BEGIN Input for this task

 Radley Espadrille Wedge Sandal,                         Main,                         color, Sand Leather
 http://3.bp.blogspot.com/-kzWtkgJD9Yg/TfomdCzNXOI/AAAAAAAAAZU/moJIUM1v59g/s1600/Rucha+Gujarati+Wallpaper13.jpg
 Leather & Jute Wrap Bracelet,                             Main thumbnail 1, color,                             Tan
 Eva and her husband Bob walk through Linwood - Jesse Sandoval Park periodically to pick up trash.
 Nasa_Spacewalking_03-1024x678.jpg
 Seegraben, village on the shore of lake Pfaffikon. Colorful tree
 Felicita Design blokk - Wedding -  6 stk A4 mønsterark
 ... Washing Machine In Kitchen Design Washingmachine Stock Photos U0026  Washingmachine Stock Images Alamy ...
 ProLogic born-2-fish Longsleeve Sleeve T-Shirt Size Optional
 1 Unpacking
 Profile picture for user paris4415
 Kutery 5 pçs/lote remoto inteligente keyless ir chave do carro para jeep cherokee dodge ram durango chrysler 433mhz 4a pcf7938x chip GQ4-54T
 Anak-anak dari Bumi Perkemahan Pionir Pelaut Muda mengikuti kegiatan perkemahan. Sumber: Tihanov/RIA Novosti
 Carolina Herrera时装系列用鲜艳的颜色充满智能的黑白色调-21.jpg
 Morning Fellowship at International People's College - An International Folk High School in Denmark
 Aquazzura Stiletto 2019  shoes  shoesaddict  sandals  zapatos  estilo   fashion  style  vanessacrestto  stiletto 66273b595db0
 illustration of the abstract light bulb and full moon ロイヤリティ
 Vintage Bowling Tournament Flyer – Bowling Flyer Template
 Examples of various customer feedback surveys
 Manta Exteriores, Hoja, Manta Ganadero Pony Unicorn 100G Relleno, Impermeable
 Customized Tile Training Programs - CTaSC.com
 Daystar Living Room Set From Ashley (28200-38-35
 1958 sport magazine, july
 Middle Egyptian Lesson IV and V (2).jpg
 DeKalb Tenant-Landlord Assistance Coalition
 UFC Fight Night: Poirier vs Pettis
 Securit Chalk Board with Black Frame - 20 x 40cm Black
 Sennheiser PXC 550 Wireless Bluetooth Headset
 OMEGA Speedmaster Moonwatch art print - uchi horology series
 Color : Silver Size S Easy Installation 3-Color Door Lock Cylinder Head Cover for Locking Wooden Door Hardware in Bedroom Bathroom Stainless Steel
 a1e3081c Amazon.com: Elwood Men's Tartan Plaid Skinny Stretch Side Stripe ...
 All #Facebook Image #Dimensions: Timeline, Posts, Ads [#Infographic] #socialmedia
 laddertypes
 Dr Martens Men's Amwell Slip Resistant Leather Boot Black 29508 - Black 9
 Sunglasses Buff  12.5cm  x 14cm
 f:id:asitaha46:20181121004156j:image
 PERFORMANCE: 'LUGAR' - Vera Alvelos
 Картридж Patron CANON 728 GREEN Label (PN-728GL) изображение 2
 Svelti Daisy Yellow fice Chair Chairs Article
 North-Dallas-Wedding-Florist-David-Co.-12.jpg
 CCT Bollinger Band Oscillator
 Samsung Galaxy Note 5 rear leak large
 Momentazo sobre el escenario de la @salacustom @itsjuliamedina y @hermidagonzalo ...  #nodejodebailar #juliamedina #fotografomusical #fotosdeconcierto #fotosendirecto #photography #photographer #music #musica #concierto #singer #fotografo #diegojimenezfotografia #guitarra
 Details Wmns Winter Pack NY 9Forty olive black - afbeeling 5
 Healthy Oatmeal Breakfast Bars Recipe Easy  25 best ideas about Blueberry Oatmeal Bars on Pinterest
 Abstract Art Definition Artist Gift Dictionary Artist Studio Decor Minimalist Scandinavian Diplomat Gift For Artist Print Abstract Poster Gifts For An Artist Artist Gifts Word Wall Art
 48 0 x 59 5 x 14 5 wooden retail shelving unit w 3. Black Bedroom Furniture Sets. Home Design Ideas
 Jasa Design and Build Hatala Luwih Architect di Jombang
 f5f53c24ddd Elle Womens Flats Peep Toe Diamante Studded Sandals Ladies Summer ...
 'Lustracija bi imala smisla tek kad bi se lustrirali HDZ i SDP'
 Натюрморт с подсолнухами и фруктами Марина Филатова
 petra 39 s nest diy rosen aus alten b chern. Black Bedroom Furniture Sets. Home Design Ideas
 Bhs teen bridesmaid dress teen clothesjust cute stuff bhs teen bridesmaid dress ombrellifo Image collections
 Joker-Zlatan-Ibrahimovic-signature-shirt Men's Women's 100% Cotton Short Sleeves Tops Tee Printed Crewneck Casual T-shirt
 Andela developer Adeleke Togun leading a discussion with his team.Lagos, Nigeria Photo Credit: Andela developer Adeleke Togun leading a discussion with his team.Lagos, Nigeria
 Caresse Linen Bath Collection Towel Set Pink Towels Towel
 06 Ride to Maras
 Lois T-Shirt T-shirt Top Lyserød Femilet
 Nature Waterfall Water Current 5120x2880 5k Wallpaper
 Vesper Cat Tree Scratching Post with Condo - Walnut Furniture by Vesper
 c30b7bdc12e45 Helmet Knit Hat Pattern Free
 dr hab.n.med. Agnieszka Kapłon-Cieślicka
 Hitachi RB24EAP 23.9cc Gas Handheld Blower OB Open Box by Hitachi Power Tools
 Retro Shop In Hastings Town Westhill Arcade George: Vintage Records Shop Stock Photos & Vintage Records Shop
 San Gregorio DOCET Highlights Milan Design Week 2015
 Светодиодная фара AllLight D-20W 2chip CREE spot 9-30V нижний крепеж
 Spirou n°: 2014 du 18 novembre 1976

END Input for this task

▶ _Problem details_
Copy the lines above exactly, beginning at the line that has "petra 39 s nest" and stopping after the line that has "Bhs teen bridesmaid dress teen", and omit the rest.

▶ _Exercise solution_
 petra 39 s nest diy rosen aus alten b chern. Black Bedroom Furniture Sets. Home Design Ideas
 Bhs teen bridesmaid dress teen clothesjust cute stuff bhs teen bridesmaid dress ombrellifo Image collections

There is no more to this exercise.